REQUIRED WORK
Reproduce exactly, and only, the lines of the material below running from the line bearing "Der seriöse Nadelstreifen-Look" through the line bearing "Université du Pays Basque (UPV)". Leave any pictures out.

RECORDS TO USE
┄┄┄┄┄┄
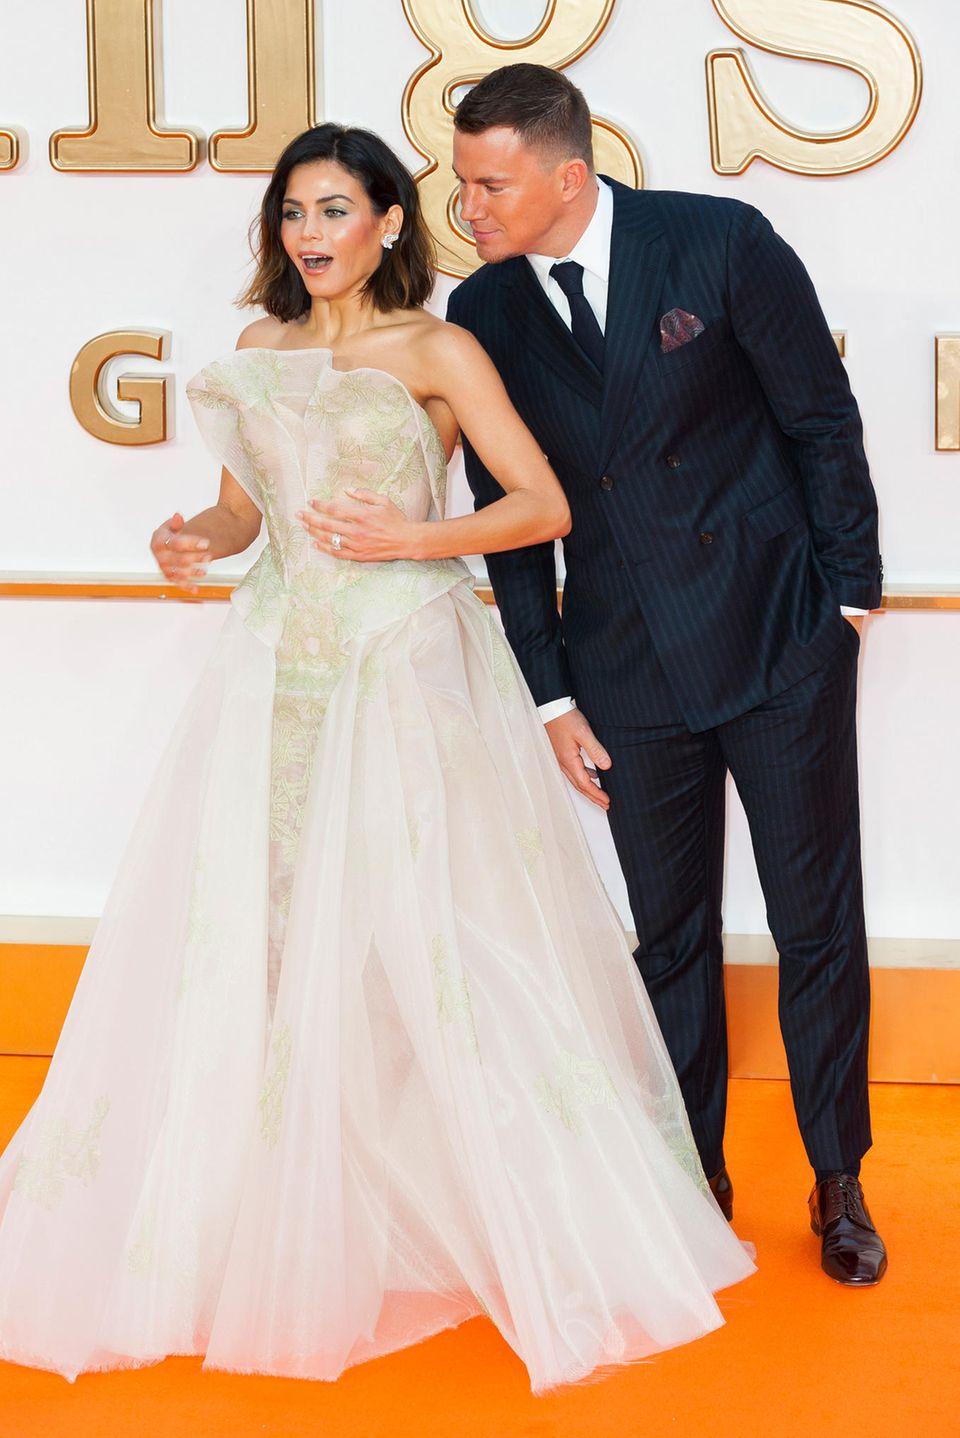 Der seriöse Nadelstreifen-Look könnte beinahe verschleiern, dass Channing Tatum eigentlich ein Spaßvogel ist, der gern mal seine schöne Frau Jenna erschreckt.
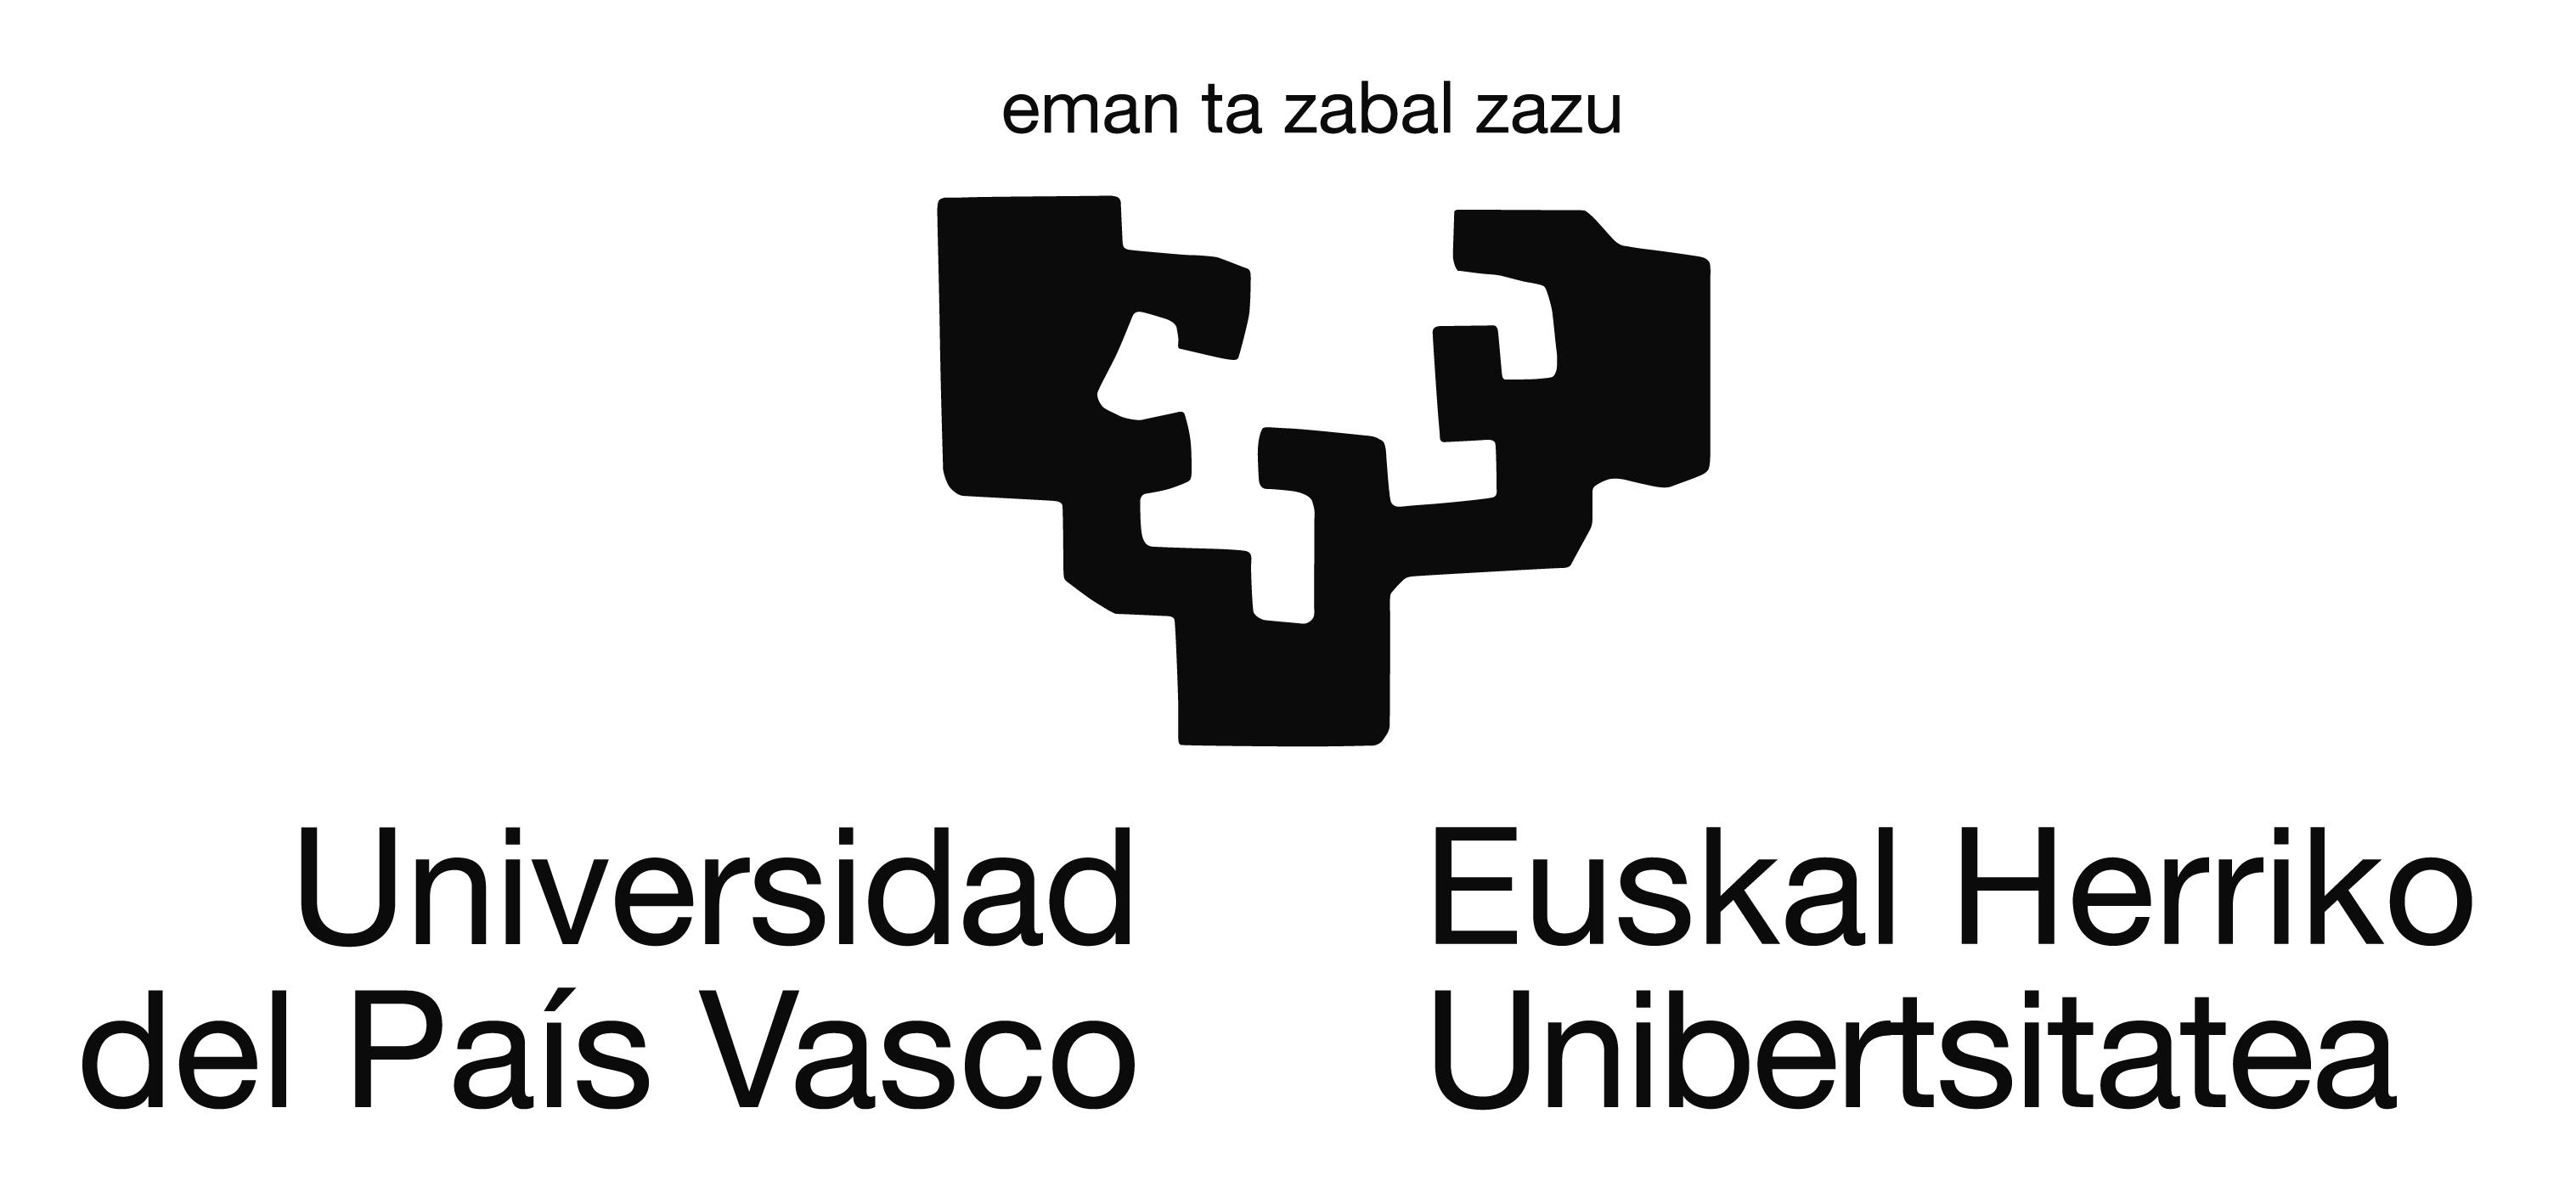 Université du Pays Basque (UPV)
┄┄┄┄┄┄
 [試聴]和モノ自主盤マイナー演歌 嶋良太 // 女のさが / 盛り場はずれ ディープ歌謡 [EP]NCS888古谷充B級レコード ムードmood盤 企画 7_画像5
┄┄┄┄┄┄
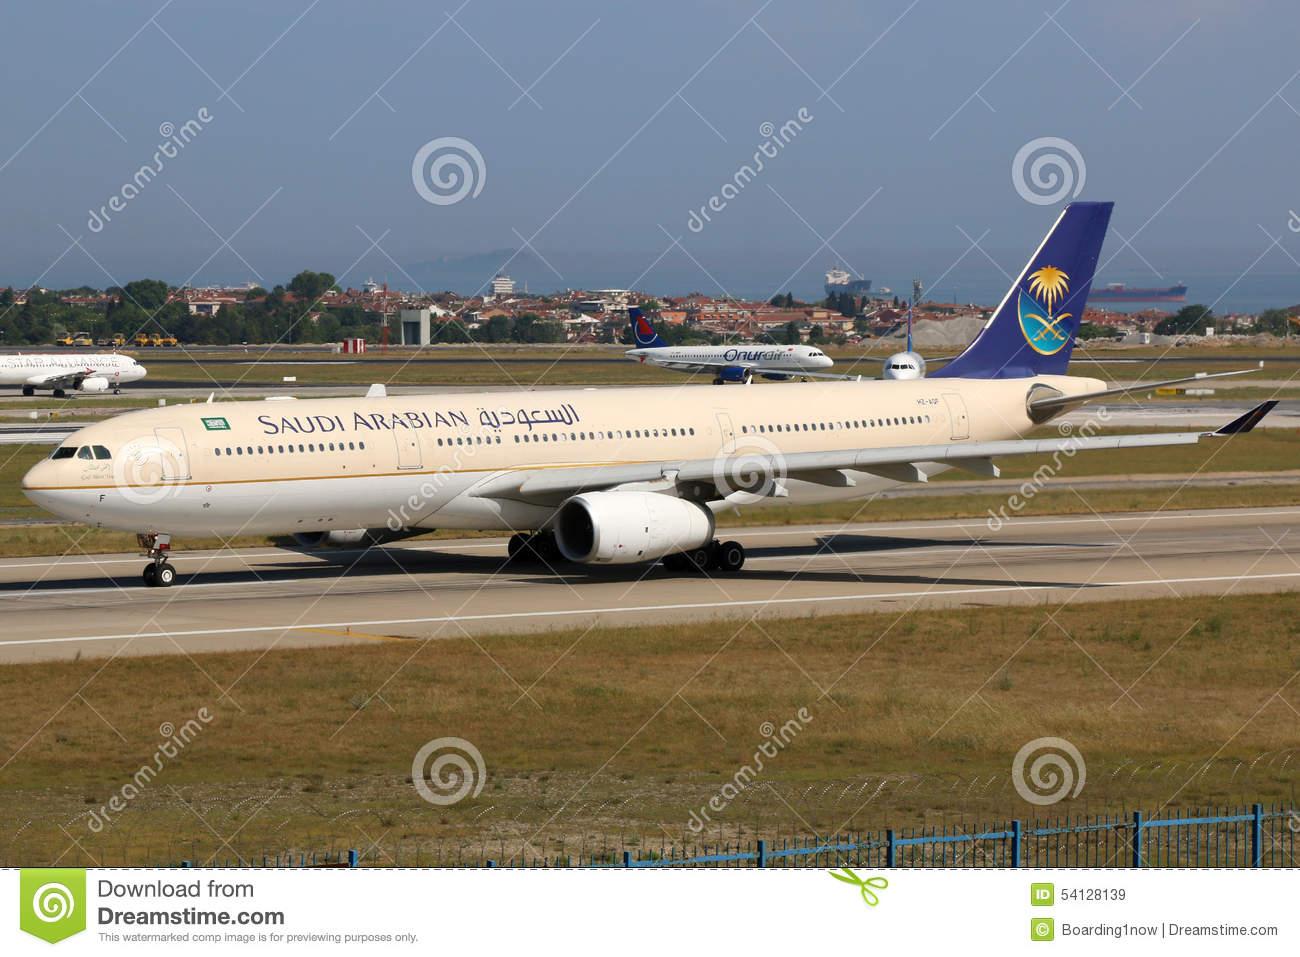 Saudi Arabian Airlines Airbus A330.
┄┄┄┄┄┄
YOUR RESPONSE
 Der seriöse Nadelstreifen-Look könnte beinahe verschleiern, dass Channing Tatum eigentlich ein Spaßvogel ist, der gern mal seine schöne Frau Jenna erschreckt.
 Université du Pays Basque (UPV)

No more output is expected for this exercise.